The quilt pattern of each chapter also corresponds to Grace's growth process, embarking on a "bumpy road", the helpless Grace is the "kitten in the corner", and the "broken dish" is the doom of the mother and the end of family life. "Lady on the Lake" corresponds to the abandoned woman who is dying in Scott's poem, and under the "collapsed beam" is a series of crimes.

"Femme Fatale" big lie

In the environment of female "aphasia", the riddle of the face is still the unique "code" of female voice. When Dr. Simon takes notes on Grace, she feels that the quill is writing on her own body, that it is butterflies flying on her face, that grace is only "written" material under the writing of this subject of male desire. The wording that Lawyer Mackenzie taught Grace was not her own voice, she said, "I stand in the dock and can be a doll made of cloth... I was locked up in the doll's body, unable to make my true voice. ”

In sewing the quilt, Grace summoned the friendly voice of the "Female Alliance" with an expression unique to the women of the time—in sewing the "Tree of Paradise", Grace took a piece from Mary Whitney's petticoat, Nancy's skirt and her own prison coat, "embroidering the three triangles together... The three of us would be together. Perhaps Grace's "revenge" to Nancy is to seek "justice" for Mary, but the same women who have suffered injustice have finally taken the same camp in the picture of heaven.
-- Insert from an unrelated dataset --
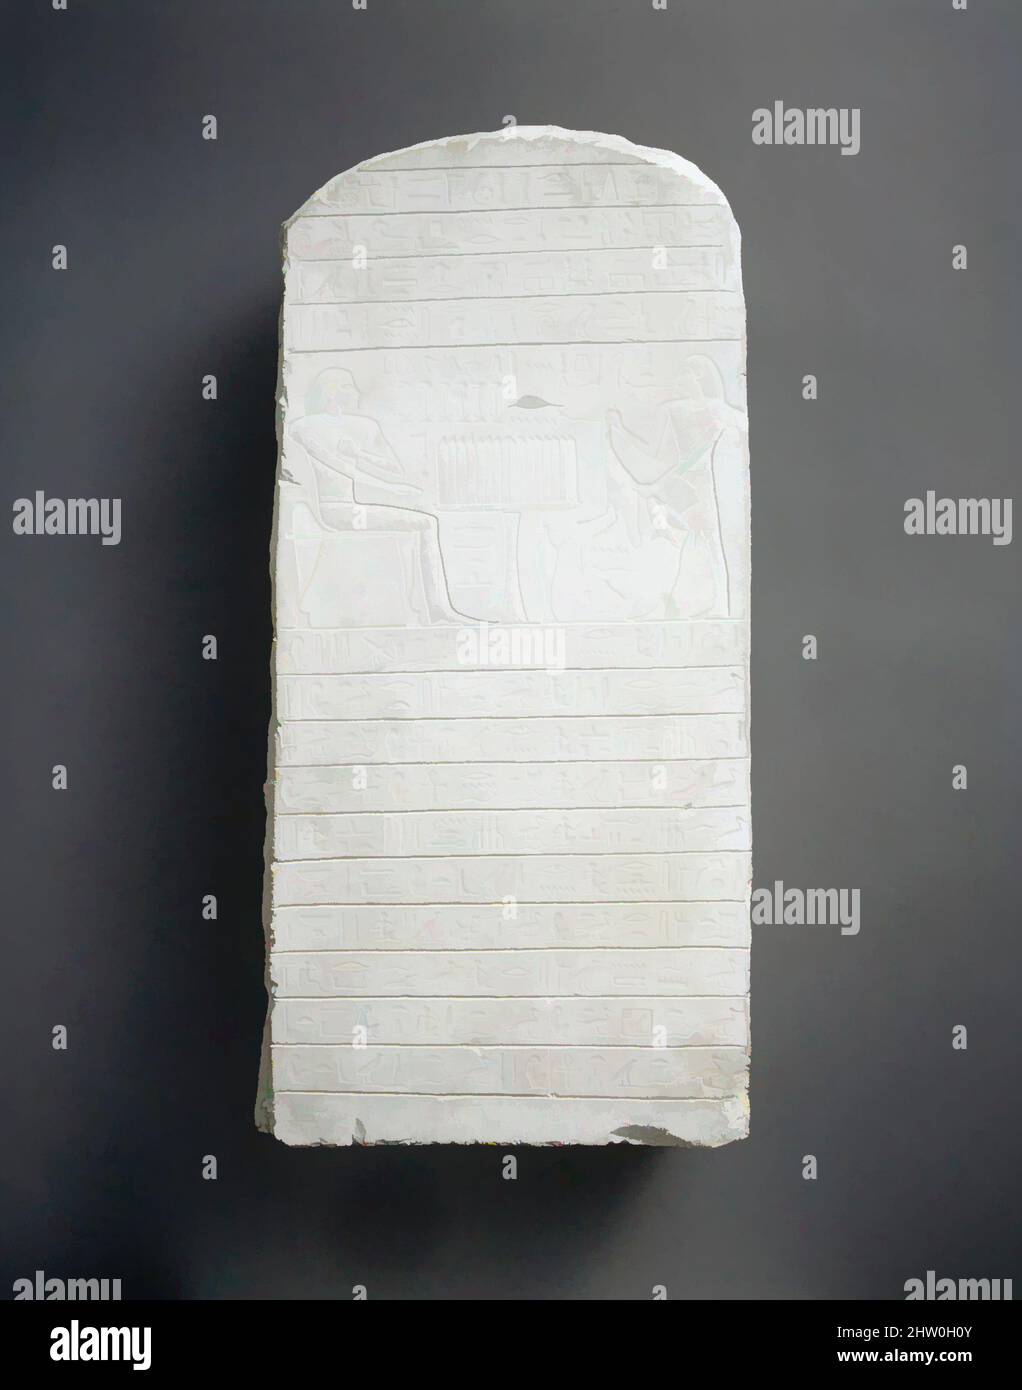 Stela von Rehuerdjersen, Reich der Mitte, Dynastie 12, Mitte, ca. 1900–1850 v. Chr., aus Ägypten, Abydos; wahrscheinlich aus Nord-Oberägypten, Abydos, Kalkstein, H. 46,1 cm (18 1/8 in.); W. 23,2 cm (9 1/8 in.); D. 10,6 cm (4 1/16 in.), Rehuerdjersen war Schatzmeister unter Amenemhat I und Senwosret I, den ersten beiden Königen der Dynastie 12. Diese Stele stammt aus dem Kenotaph eines Rehuerdjersen in Abydos, und der Stil stammt aus der Regierungszeit von Amenemhat II, etwa vierzig Jahre nach dem Tod des Schatzmeisters Stockfoto

On another level, Atwood's flexible use of documentary literature, historical materials, poetry, newspapers, oil poems, letters and other genres of "collage" writing itself is also stitching "quilt" in itself. The alias Grace is another possibility to open up the Grace case, and it is also the confession and cry of all women in the name of Grace; the alias "grace" is to pierce the despicable name of "grace"; the alias "grace" is more redemption and reconciliation that they have not been able to wait for.